Jillian Bower of the Policy Resource Center stated that “The Court decision increases the importance of having written guidance already in place to address potential overpayments, including policies for conducting investigations, disclosure, as well as protocols between the Compliance Officer and Legal Counsel in handling complaints. Without such written guidance, matters could bog down and run out the clock.”

Carrie Kusserow, a senior consultant with over a decade specialized experience with hotlines, observed that “Most questionable claims processing practices arise from employees. It is not only critical to have a hotline and to encourage employees to use it to report issues without fear of retribution, but also for the compliance office to act promptly on any information provided. Failure to take timely action is a “ticking time bomb” under the 60-day Rule.”
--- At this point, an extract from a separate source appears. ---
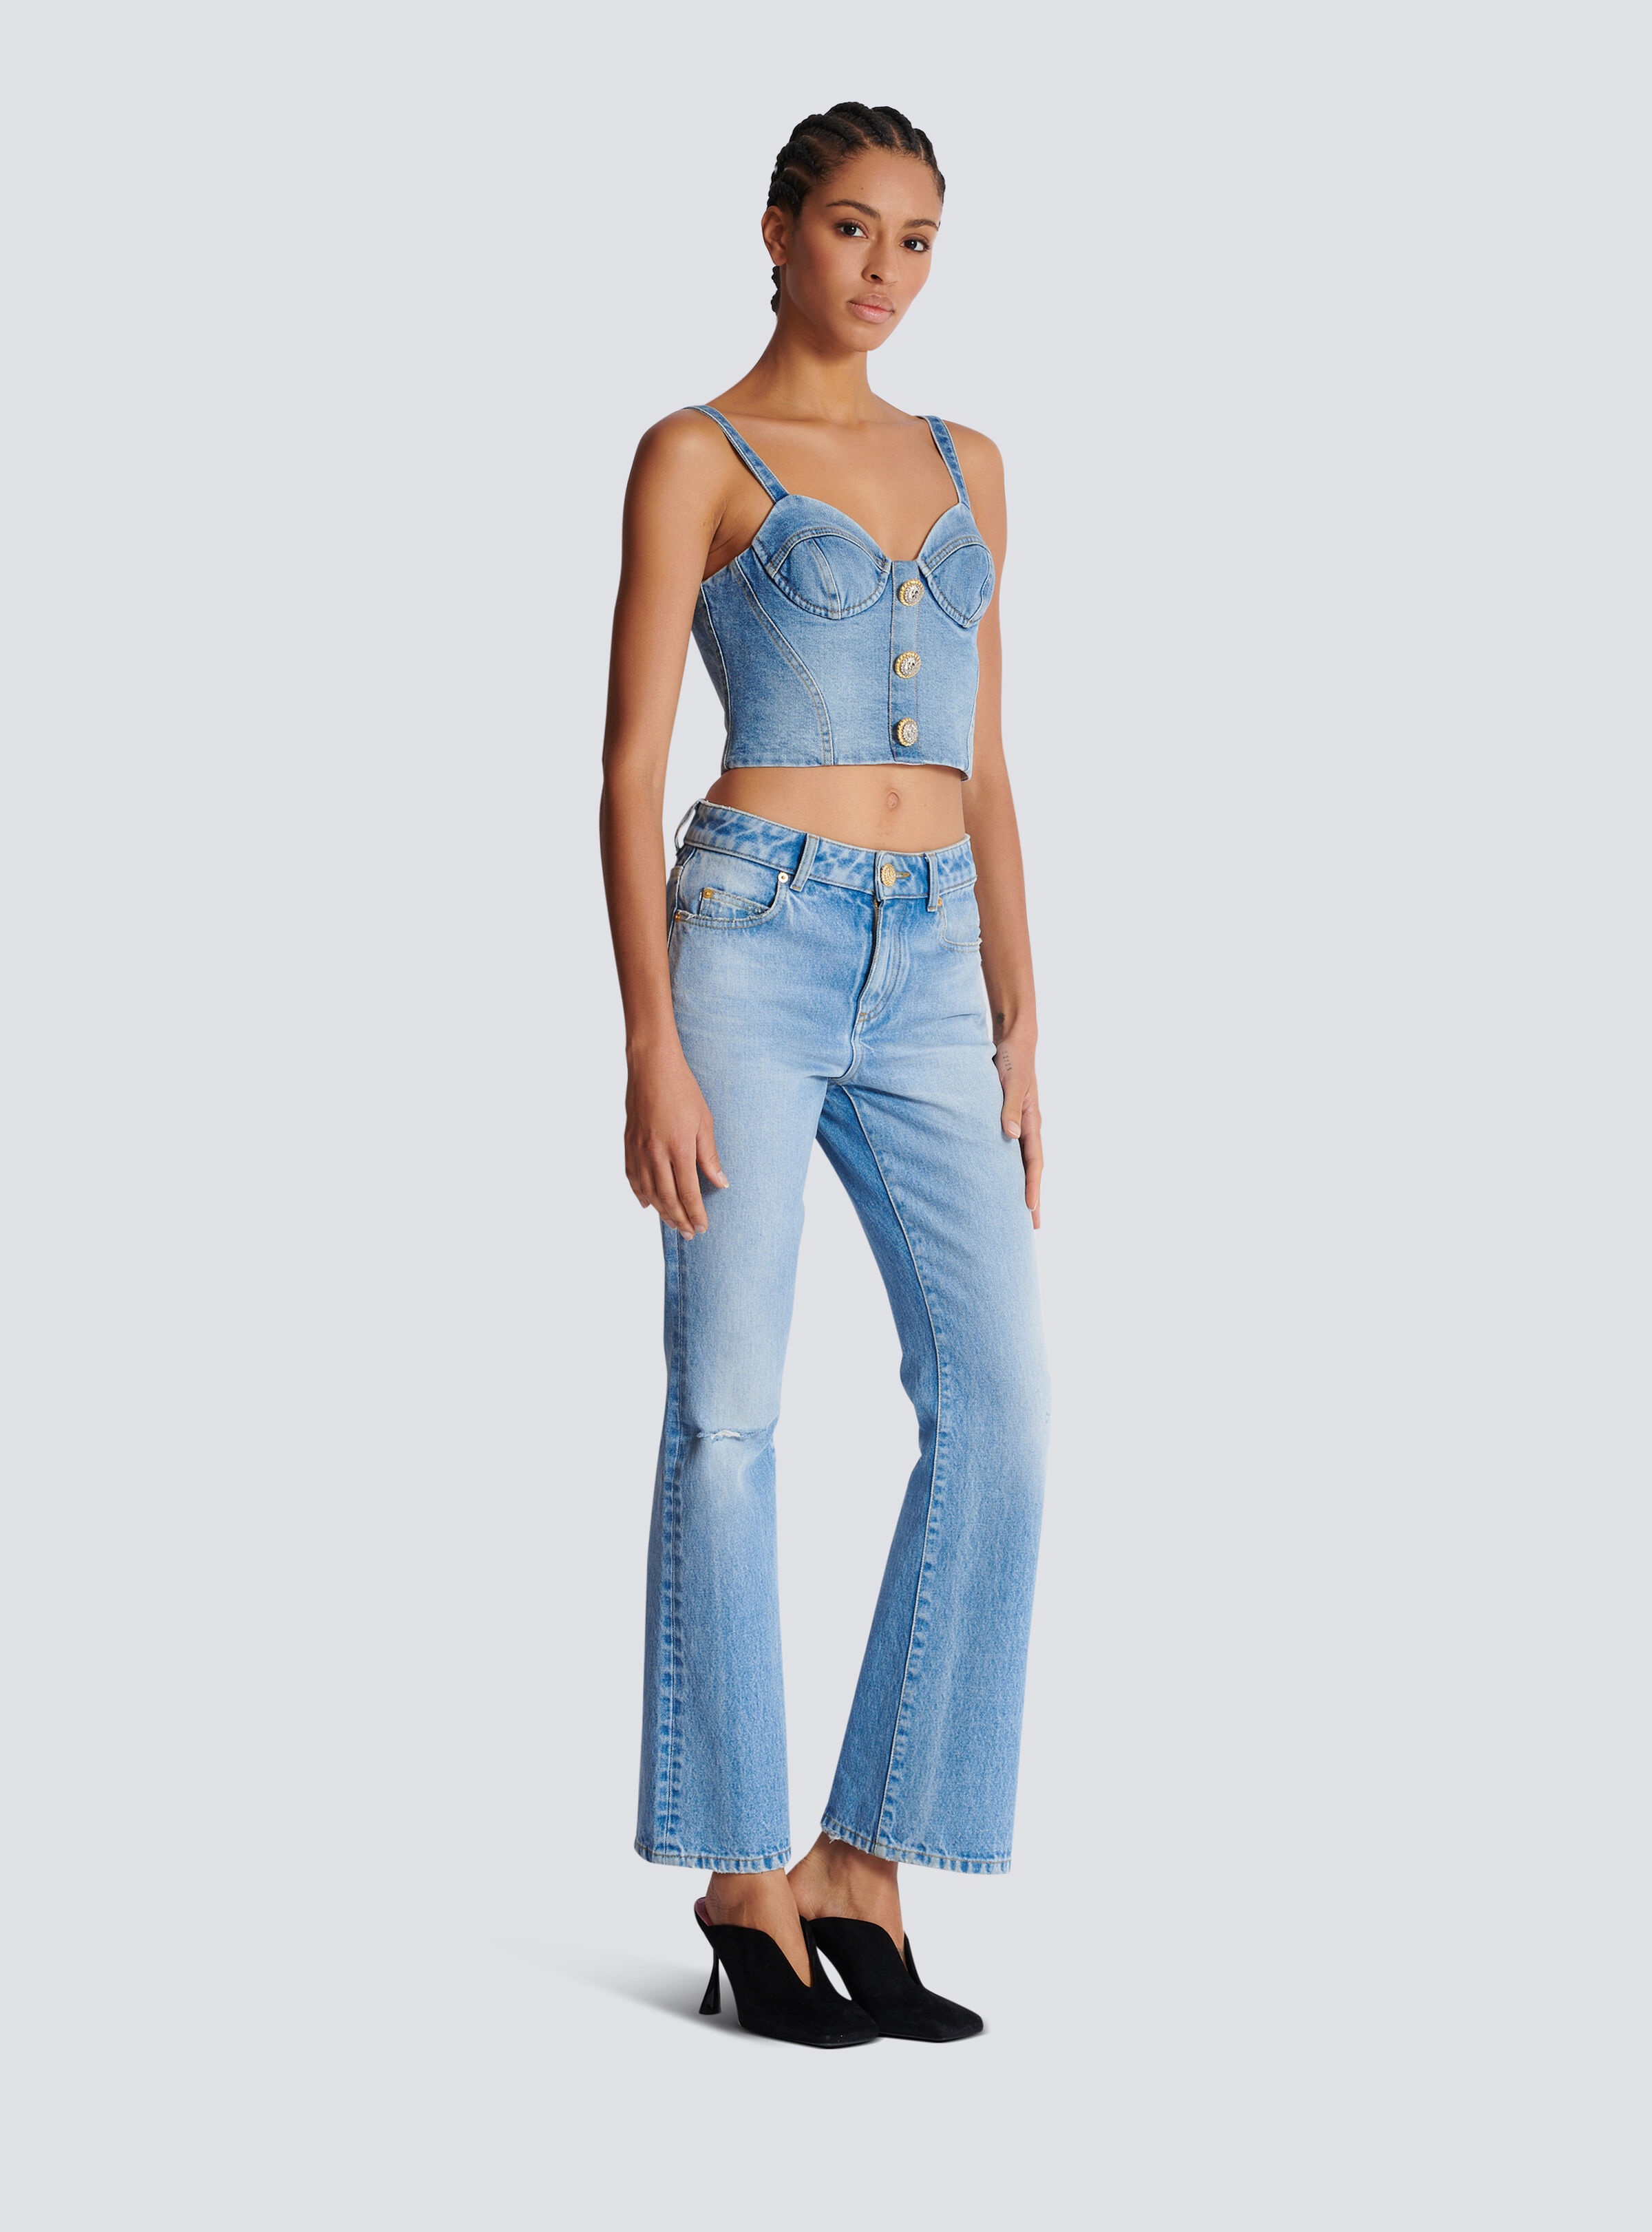 Denim top with thin straps - 3

Jim Cottos, who has served as an Interim Compliance Officer for many organizations, along with his experience as former Chief Inspector for the Department of Health and Human Services (HHS) Office of Inspector General (OIG) advised that “Organizations must have available trained people to investigate potential violations of law or regulation.” He warns that “Just because someone is an attorney does not mean they are qualified investigative experts. If such experts are not available on staff, then such experts should be identified in advance to be made available for prompt and efficient resolutions.”

Claims Analysis.
Cornelia Dorfschmid, a nationally recognized expert on analyzing claims stated “The biggest challenge with “identification” of overpayment amounts is to do too little for too long. Hesitation can quickly turn into unreasonable delay and non-compliance. The Compliance Officer should not let that happen. Getting help from independent and objective experts with the determination of claims accuracy and statistical extrapolation, as well as secondary effects, e.g., such as on physician productivity and FMV compensation in RVU based models, is a good idea. It will carry a lot more weight with the government than if internal staff does the work. External review work in these cases is best done under direction of legal counsel.”

Compliance Training.
Camella Boateng, a senior compliance consultant, says that “The old adage about ‘an ounce of prevention is worth a pound of cure’. It is far better to avoid making billing errors than dealing with the consequences of failing to do so.   As such it is worth remembering advice from the OIG to provide specialized compliance annual training regarding applicable billing rules for those involved in claims processing.”